#Aidir Parizzi#IMI Critical Engineering

Aidir Parizzi: Managing Supply Chains Through COVID-19

Aidir Parizzi, Director of Global Supply Chain for IMI Critical Engineering, discusses his career experiences with Supply Chain Digital.

|Nov 27|magazine7 min read
Aidir Parizzi
IMI Critical Engineering

Director of Global Supply Chain

 Aidir Parizzi, Director of Global Supply Chain at IMI Critical Engineering, has held a myriad of strategic sourcing roles within the supply chain sector throughout his career. “I started my journey in the automotive industry as a purchasing engineer for Volkswagen after completing my bachelors and postgraduate degree. As a result, I was soon attracted to the supply chain sector,” reflects Parizzi. 

“After ten years in the automotive industry, I moved to oil and gas, where I worked for FMC Technologies and General Electric in global strategic sourcing roles. In 2017, I joined IMI Critical Engineering with one clear mission - to consolidate the global supply chain operations of the company which is spread across 18 sites, in 12 ─ at the time ─ countries worldwide. Now, we have around 120 people spread across 13 countries, including some centralised teams in Category Management and Cost Engineering.” 

Aidir couldn’t have predicted the COVID-19 pandemic that struck his workplace and global supply chain network this year, but when it came he got stuck in, preparing his workforce for a fightback against the disruption. “we kept as many people as possible working from home, the majority of our sites kept operating and serving our customers, following guidelines set by different governments around the globe. The first concern was regarding personal protection equipment (PPE). We have mobilised Supply Chain teams in Asia, the Americas and Europe to provide our employees with the necessary protection equipment. Around 100 thousand masks were acquired – not medical masks, but here we’re referring to FFP2 and FFP3, which provide enhanced protection. In addition, we procured thermometers, gloves, thousands of litres of hand sanitiser and thermal imaging devices for each site.” 

Discussing what separates IMI Critical Engineering from the rest, when it comes to unique capabilities and infrastructure, Aidir told me that “IMI is a primarily a project-based company, meaning that we rarely repeat the same products in all different projects and customers. It is a complex environment, but our technology, global presence, field history and robust customer-focused technical solutions certainly create a significant differential in the market to IMI.”

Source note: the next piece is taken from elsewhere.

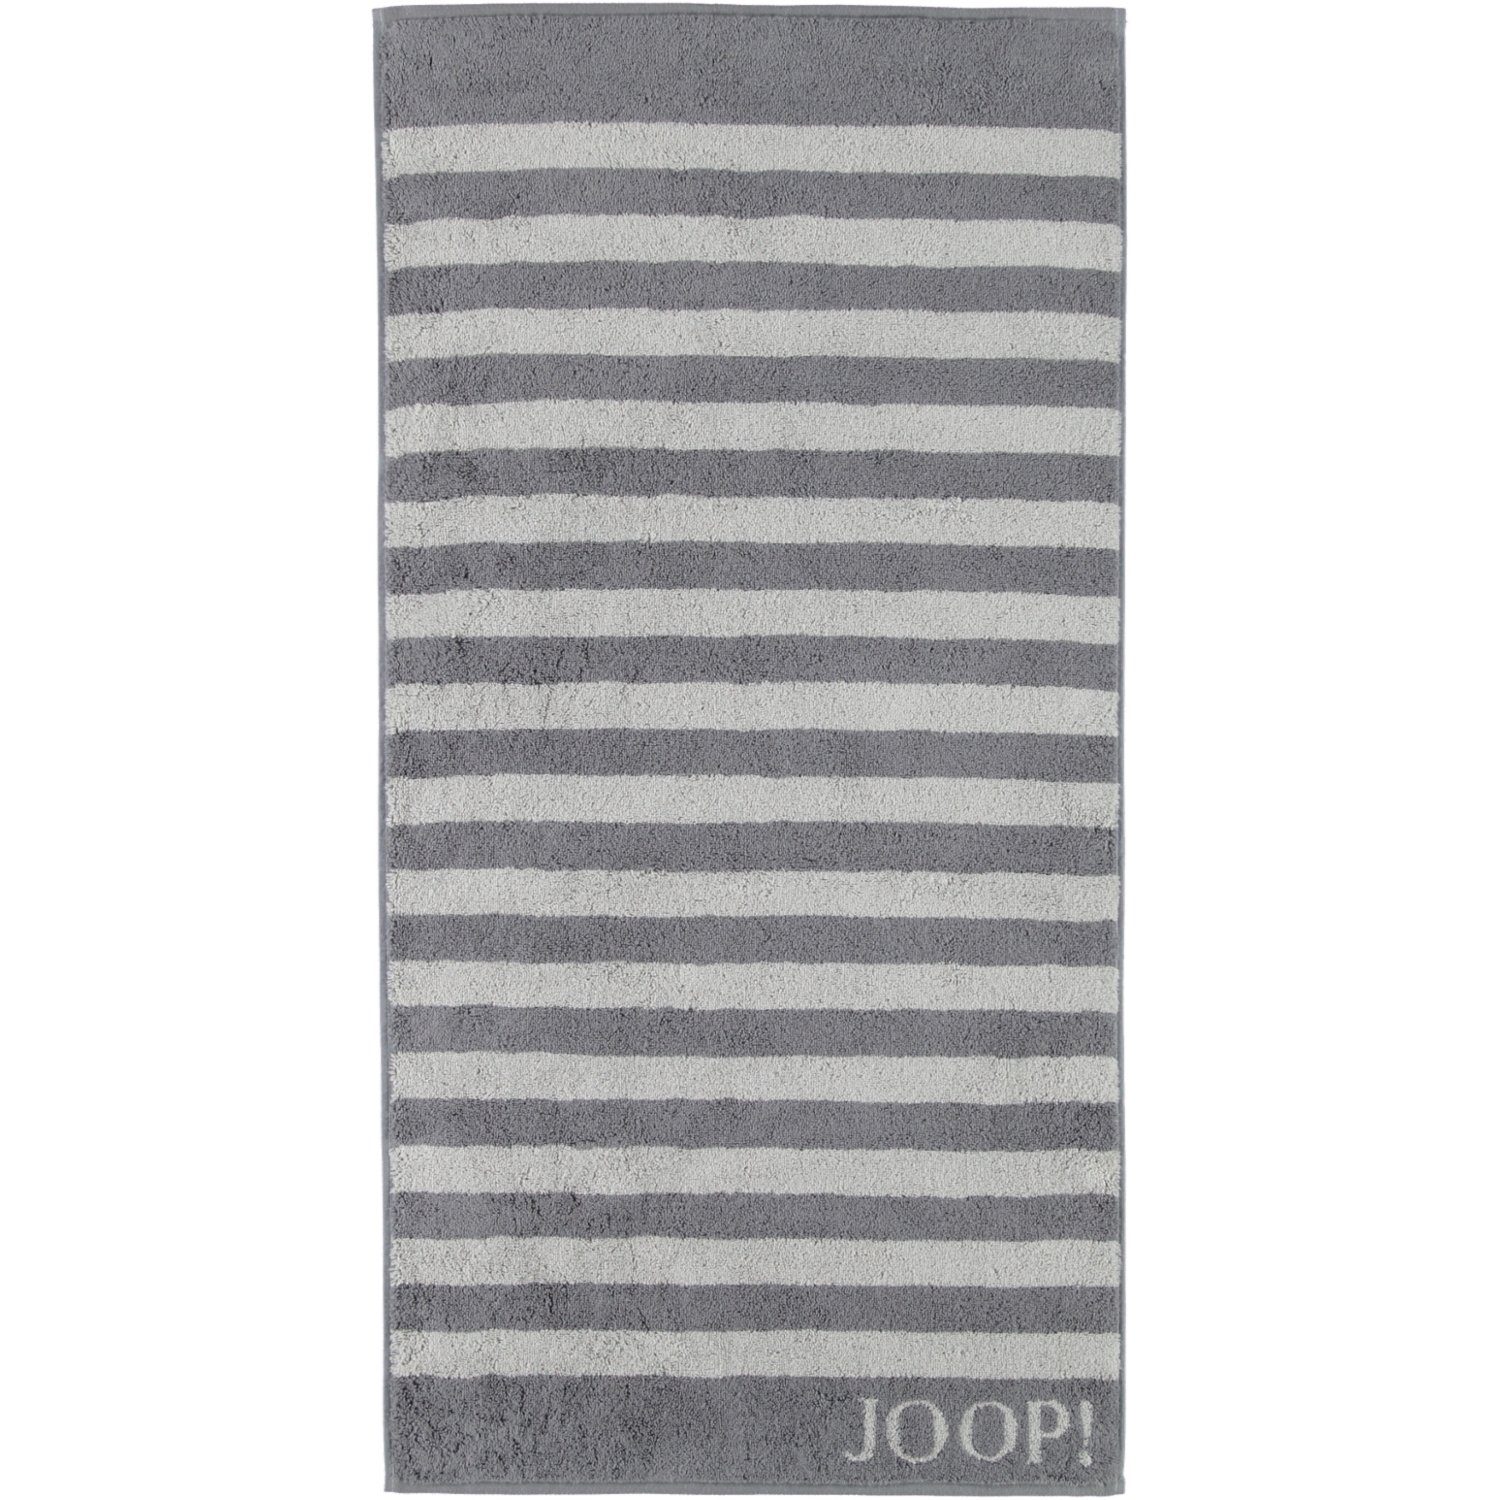 Joop! Handtücher Classic Stripes 1610, 100% Baumwolle anthrazit

Due to the company’s truly global nature, Aidir manages sophisticated and often elaborate supply chain networks. One of the most prevalent dangers today, accelerated by COVID-19, is the growing problem of cybersecurity; cyberattacks are becoming increasingly powerful and, as we adopt new technologies, more infiltration-points crop up, left, right, and centre. At IMI “[they] have teamed up with experts in this area, continuously testing ourselves and improving security to IMI and its customers. It is one of our main differentiators in the market, and one of the most important aspects of our digital transformation effort.” 

Even though the task is becoming tougher as the days go by, Aidir isn’t ready to back down from the challenge, and according to the experienced Director, “we need to make sure the company continues to grow and innovate, in spite of current adversities. The best way to do it is to work in partnership with customers and suppliers. We’re confident we have the right people, technology and energy to continue delivering breakthrough technology for a better world.” 



Around 100 thousand masks were acquired – not medical masks, but here we’re referring to FFP2 and FFP3, which provide enhanced protection.